Elle n’imaginait pas se retrouver un jour à la tête de son canton, lorsque, il y a dix-neuf ans, elle foulait pour la première fois les marches de l’Université. Pourtant, c’est dans un spacieux et confortable bureau de conseillère d’État que nous accueille Rebecca Ruiz, élue le 19 mars dernier par le peuple vaudois. Fraîchement installée dans sa fonction de cheffe du Département de la santé et de l’action sociale, la nouvelle ministre nous accorde une entrevue, casée entre ses multiples réunions.

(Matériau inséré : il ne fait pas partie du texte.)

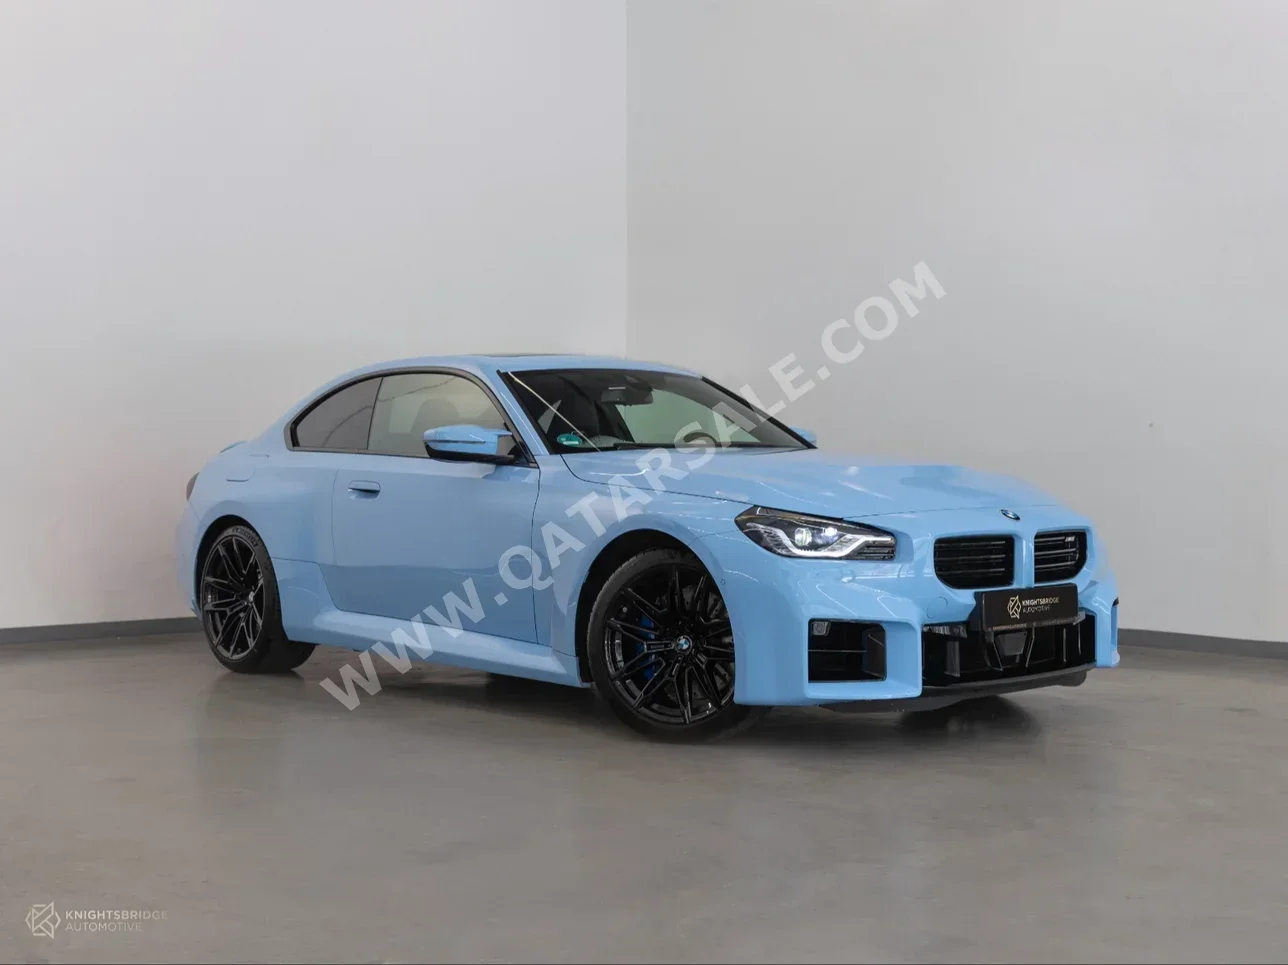 BMW  M-Series  2  2023  Automatic  4,200 Km  6 Cylinder  Rear Wheel Drive (RWD)  Coupe / Sport  Blue  With Warranty

Assise à une vaste table ovale, elle jette un regard sur son secrétaire massif et jonché de dossiers. «Cette nouvelle fonction demande un important investissement personnel, mais pour moi cela représente aussi le summum de mon engagement social», assure celle qui, il y a seulement treize ans, s’inscrivait au Parti socialiste.
Élue successivement au Conseil communal de Lausanne (deux fois), au Grand conseil vaudois, puis au Conseil national (deux fois aussi) avant d’obtenir à 37 ans un siège à l’Exécutif vaudois, la socialiste a gravi les échelons à toute vitesse. Une rapidité à l’image de sa récente élection, qui n’a pas nécessité plus d’un tour avant que ses concurrents ne s’inclinent spontanément.
Inspirée par ses lectures
Il faut dire que la politique, Rebecca Ruiz l’a dans le sang. Fille d’un militant socialiste lausannois et petite-fille d’une Espagnole communiste emprisonnée sous Franco, elle a été baignée dès l’enfance dans une tradition de gauche. Pourtant, sa volonté de s’engager s’est révélée à l’âge adulte, à la lecture de textes de grands auteurs de sociologie, notamment Pierre Bourdieu, alors qu’elle effectuait une licence dans cette discipline à l’UNIL. «J’avais des intuitions sur les phénomènes que j’observais dans la société, que j’avais moi-même vécus, mais les voir confirmées par des recherches, sur des bases scientifiques étayées, m’a clairement décidée à faire le pas de l’engagement politique», explique l’élue, qui affirme avoir vécu pendant ses études «des prises de conscience extrêmement fortes».
Criminologue chevronnée
Pourtant, les sciences sociales n’étaient, à la base, qu’un «passage obligé» pour accéder ensuite à un diplôme rêvé, celui de criminologie. Fan incontestée de romans policiers depuis l’enfance, fascinée par «les événements, les situations, les caractéristiques personnelles, qui peuvent faire basculer les individus dans ce qu’ils ont de pire», elle a accompli sa vocation en travaillant ensuite dans le domaine durant sept ans. Enquête sur l’ampleur du vandalisme à l’école pour la Ville de Lausanne, étude sur la mise en place d’un code déontologique au sein de la police lausannoise ou encore, pour l’État de Vaud, rapports sur le harcèlement entre enfants… Ces expériences lui ont apporté une expertise, qu’elle a su utiliser en politique en s’impliquant avec ténacité sur le dossier «Sécurité» à ses débuts. Ceci avant de tirer un trait – en tout cas temporaire – sur sa carrière professionnelle.
Aujourd’hui, Rebecca Ruiz ne regrette pas son choix. «Quand vous vous engagez pour vos idéaux et qu’on sent au sein d’une organisation politique que vous êtes motivée et prête à vous investir – ce que j’ai fait au Parti socialiste – des rencontres et des opportunités se créent», explique-t-elle. Son secret pour réussir? «Avoir la conviction que mon action peut changer les choses et la capacité à écouter ma propre indignation», assure-t-elle d’un regard qui ne cille pas.